Here are some common functions.

  1. head() - shows the first few rows of the data frame
  1. tail() - shows the last few rows of the data frame
  1. str() - displays the structure of the data frame
  1. summary() - provides summary statistics for each variable in the data frame
  1. nrow() - returns the number of rows in the data frame
  1. ncol() - returns the number of columns in the data frame
  1. colnames() - returns the names of the columns in the data frame
  1. row.names() - returns the names of the rows in the data frame
  1. unique() - returns unique values in a column of the data frame

  2. view() - shows the dataset in spreadsheet form

  3. dim() - returns the dimensions of the data frame as a vector of two integers, the number of rows and the number of columns

  4. is.na() - returns a logical vector indicating whether each value in the data frame is missing or not

For a better visual display of the results, additional packages can be used such as skimr, gtsummary, kable, as it will be in the preceding sections of this guide, however, below is a sneak peak of the basic ones.

install.packages("skimr")
library(skimr)
# get the summary of all the variable, alternative to
# ---str()---
skim(iris)

4.3 Pull basic statistics from your data

4.3.1 For continuous variables:

  1. mean() - calculates the mean of a numeric vector

mean(numeric_vector)

  1. median() - calculates the median of a numeric vector

median(numeric_vector)

  1. sd() - calculates the standard deviation of a numeric vector

sd(numeric_vector)

  1. var() - calculates the variance of a numeric vector
  1. min() - returns the minimum value of a numeric vector
  1. max() - returns the maximum value of a numeric vector
  1. range() - returns the range of a numeric vector as a vector of length 2 containing the minimum and maximum values
  1. quantile() - calculates the quantiles of a numeric vector
  1. summary() - provides summary statistics for a numeric vector, including the minimum, 1st quartile, median, mean, 3rd quartile, and maximum

  2. Simple plots using the base package

# Histogram:
hist(data$variable_name)
# Boxplot:
boxplot(data$variable_name)
# Density Plot:
plot(density(data$variable_name))
# Scatterplot:
plot(data$variable_name1, data$variable_name2)

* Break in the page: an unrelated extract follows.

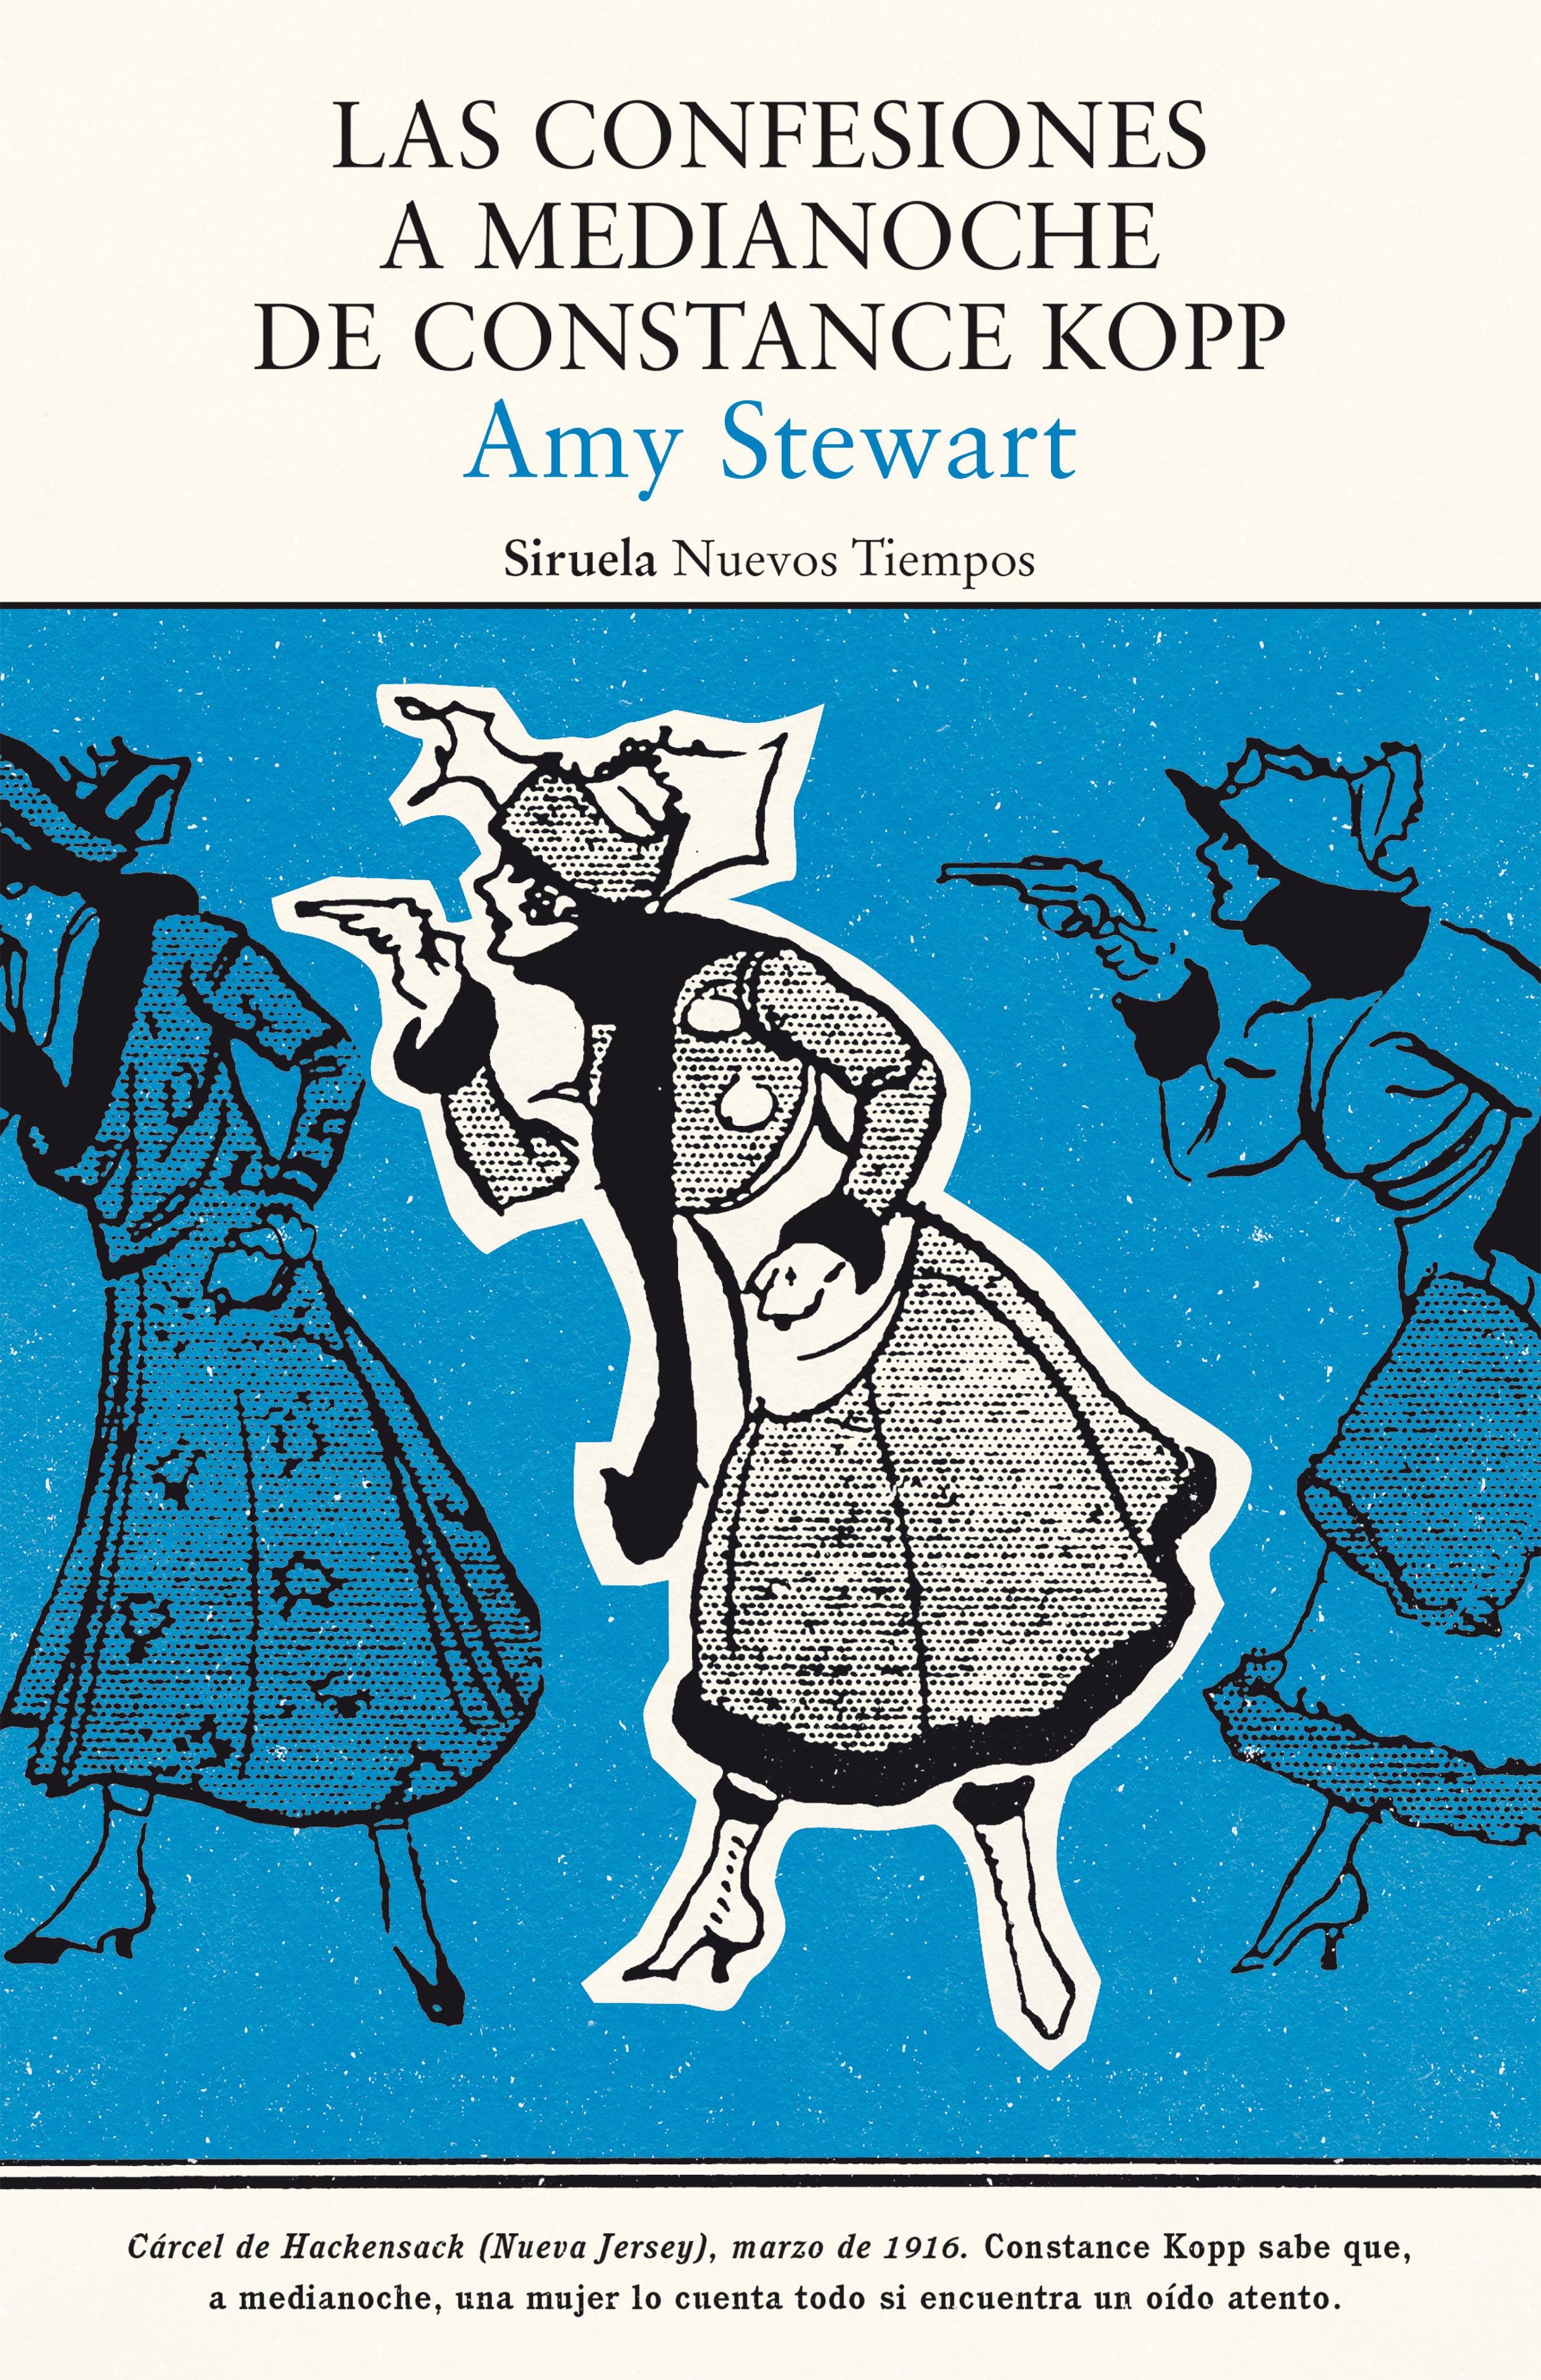 Las Confesiones A Medianoche De Constance Kopp por Amy Stewart

For categorical/character variables:

  1. table() - creates a contingency table of the frequencies of the levels of a categorical variable
  1. prop.table() - converts a contingency table of frequencies to a contingency table of proportions
  1. summary() - provides a summary of a factor variable, including the number of levels and the frequency of the most common level.

  2. Simple plot using the base package

# Bar Plot:
barplot(table(data$variable_name))
# Pie Chart:
pie(table(data$variable_name))
# Stacked Bar Plot:
barplot(table(data$variable_name, data$grouping_variable), col = c("red",
    "blue"))

4.4 Exporting Data from R

save(data_object, file = "my_data.rda")  # exporting R data object
write.csv(data_object, file = "my_data.csv")  # exporting csv data file
write.table(data_object, file = "my_data.txt")  # exporting text data file
writexl::write_xlsx(data_object, file = "my_data.rda")  # exporting excel data file
jsonlite::write_json(data_object, file = "my_data.json")  # exporting java script data file
xml2::write_xml(data_object, file = "my_data.xml")  # exporting to xml file
haven::write_sas(data_object, file = "my_data.xport")  # exporting SAS data file
haven::write_dta(data_object, file = "my_data.dta")  # exporting STATA data file
haven::write_sav(data_object, file = "my_data.sav")  # exporting SPSS data file

You can download the demo data files fro various types from the link below:-

CLICK here to open the datasets folder

4.5 Tasks

4.5.1 Exercise 1

  1. Import a CSV file named “sales_data.csv” into RStudio.

    NOTE: You can download the sales data to your computer from; Click here Download the Sales Data

  2. Export the data in the “sales_data” object as a CSV file named “sales_data_export.csv”.

  3. Using the “summary” function, extract basic statistics (mean, median, minimum, maximum) for the “sales_data” object.

  4. Load a new data file named “customer_data.xlsx” into RStudio.

  5. Explore the data by using the “head” and “tail” functions to view the first and last few rows of the data.

  6. Use the “str” function to display the structure of the “customer_data” object.

  7. Pull basic statistics (mean, median, minimum, maximum) for the “customer_data” object using the “summary” function.

  8. Export the data in the “customer_data” object as a CSV file named “customer_data_export.csv”.

4.5.2 Exercise 2

Import the inbuilt data of iris into RStudio.

  1. Using the “plot” function, create a scatter plot of the “Sepal.Length” and “Sepal.Width” columns in the “iris” object.

  2. Using the “boxplot” function, create a box plot of the “Petal.Length” column in the “iris” object, grouped by the “Species” column.

  3. Using the “hist” function, create a histogram of the “Petal.Width” column in the “iris” object, grouped by the “Species” column.

  4. Using the “plot” function, create a line plot of the “Sepal.Length” column in the “iris” object, grouped by the “Species” column.